Most cases of DDH, if diagnosed and treated early, are potentially reversible. All aspects of DDH have long been a source of debate, and universal agreement has not been reached. There is disagreement regarding the etiology and pathogenesis (genetic vs. mechanical), the preferred diagnostic approach (clinical vs. ultrasound (US)), the most effective screening policy (selective vs. universal) and the appropriate treatment approach.

Screening by US is well established as a critical element in the evaluation of the infant hip. However, there are many different techniques in use [3] [4] [5] [6]. The value of US screening is dependent on adherence to correct technique which underlines the critical importance of standardized training, audit and quality control [7].

The aim of this meeting was to achieve consensus on all of the above-mentioned issues, to propose an evidence-based approach to the problem of DDH, and to develop a system for early detection, diagnosis and treatment.


Meeting background

The meeting was held in Csolyospalos, Hungary in September 2018. 24 medical doctors (radiologists, orthopedic surgeons, pediatricians, general practitioners), with expertise in DDH diagnosis and management, were invited to participate. Several countries were represented, including Austria, Cyprus, Germany, Greece, Hungary, Iran, Ireland, Italy, Switzerland, Turkey and the UK.

Participants prepared a summary of the current evidence on specific topics, which then served as the basis for discussion. Questionnaires about the most important points were then distributed to the participants, who had to vote either for or against the proposals.

Depending on the proportion of votes received, the strength of the recommendations was recorded as follows:

  • strong agreement supports the recommendation (≥ 90 %)

  • general agreement supports the recommendation (≥ 70 % – < 90 %)

  • general agreement weakly supports the recommendation (≥ 50 % – < 70 %)

  • there is not enough evidence to support the recommendation (< 50 %)

Following the meeting, the moderators of each session provided a summary of their topics which is summarized in this paper, under the following headings:

  • Terminology

  • Etiology and pathogenesis

  • Epidemiology and risk factors

  • Detection of DDH

  • US examination and techniques

  • Timing of US screening

  • Selective vs. universal US

  • Treatment

  • Training/auditing/accreditation

  • Future plans



The term “developmental dysplasia of the hip” (DDH) (dysplasia: Greek word meaning “abnormal growth or development of an organ or tissue”) [8] has replaced congenital dislocation of the hip (CDH) (Klisic, 1984), [9]. There are two reasons for this: (a) it better describes the spectrum of pathology [10] [11], which ranges from simple immaturity to complete dislocation of the hip joint; (b) it introduces the term “developmental” (instead of “congenital”), implying that the disorder can develop even after birth.

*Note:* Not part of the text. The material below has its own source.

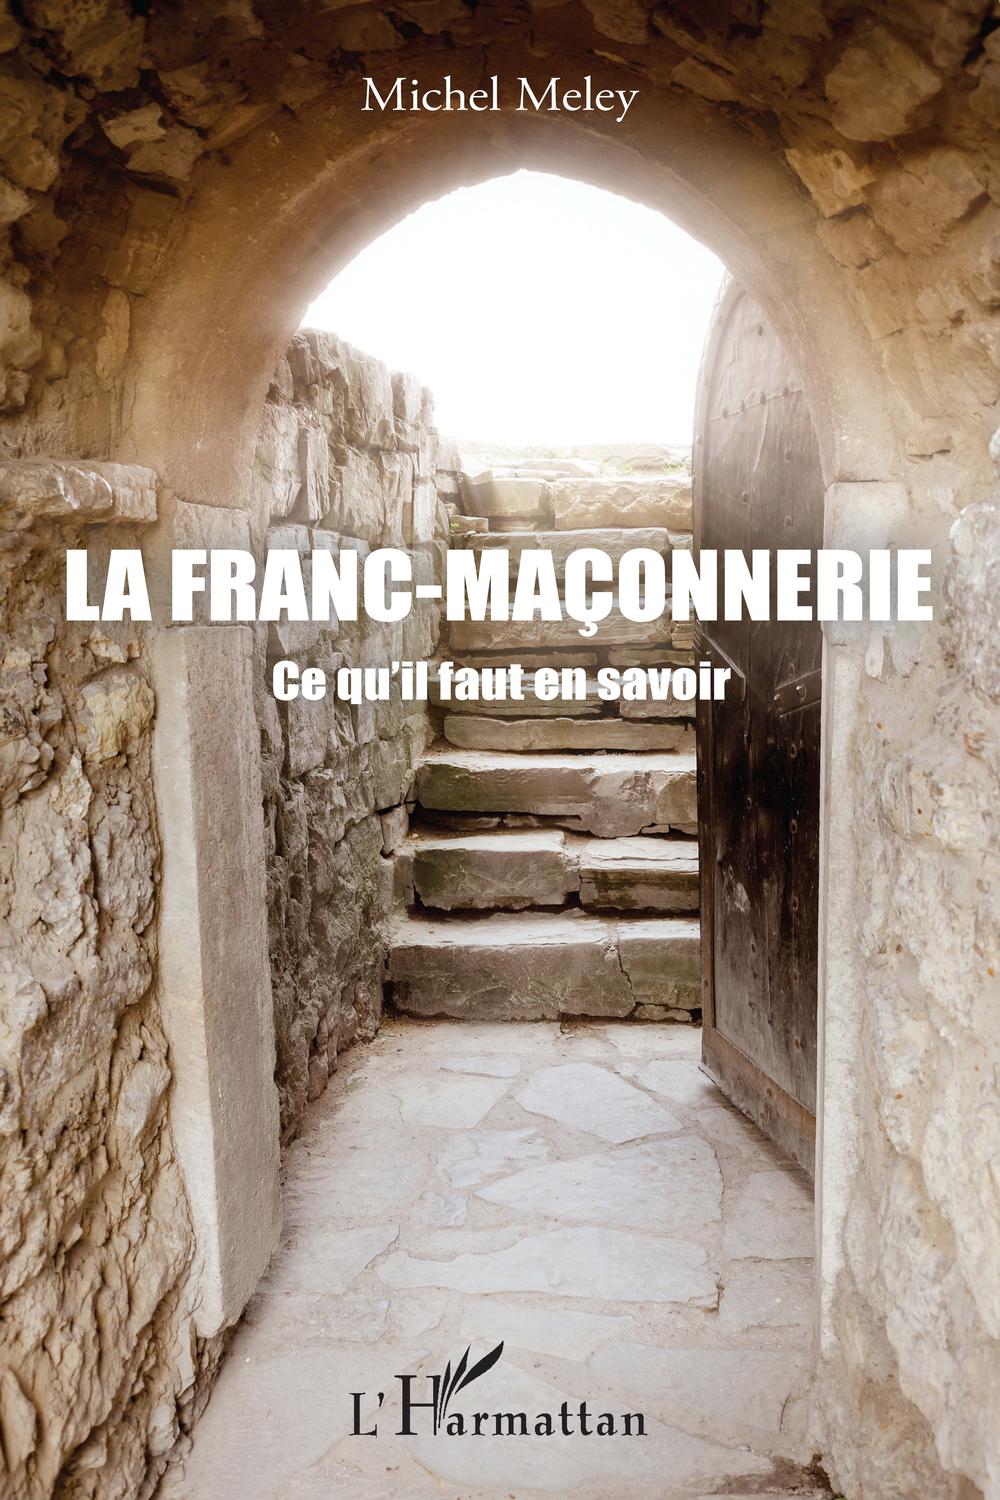 La Franc-maçonnerie - Michel Meley

Developmental dysplasia of the hip (DDH) is in fact a spectrum of disorders of the developing hip [12] [13], encompassing:

  1. Hip abnormalities found on US and/or radiography without any clinical findings. Left untreated, these may present later as a frank dislocation.

  2. Hip instability, such that the femoral head can be dislocated partially or fully from the acetabulum by an examiner, but relocates spontaneously.

  3. Dislocated but reducible hip.

  4. Dislocated hip that cannot be reduced.


There was strong agreement in support of the use of the term “developmental dysplasia of the hip” (DDH) as the most appropriate term to describe the condition. (A)


Etiology and Pathogenesis

Many theories have been proposed to explain the etiology and mechanism of DDH.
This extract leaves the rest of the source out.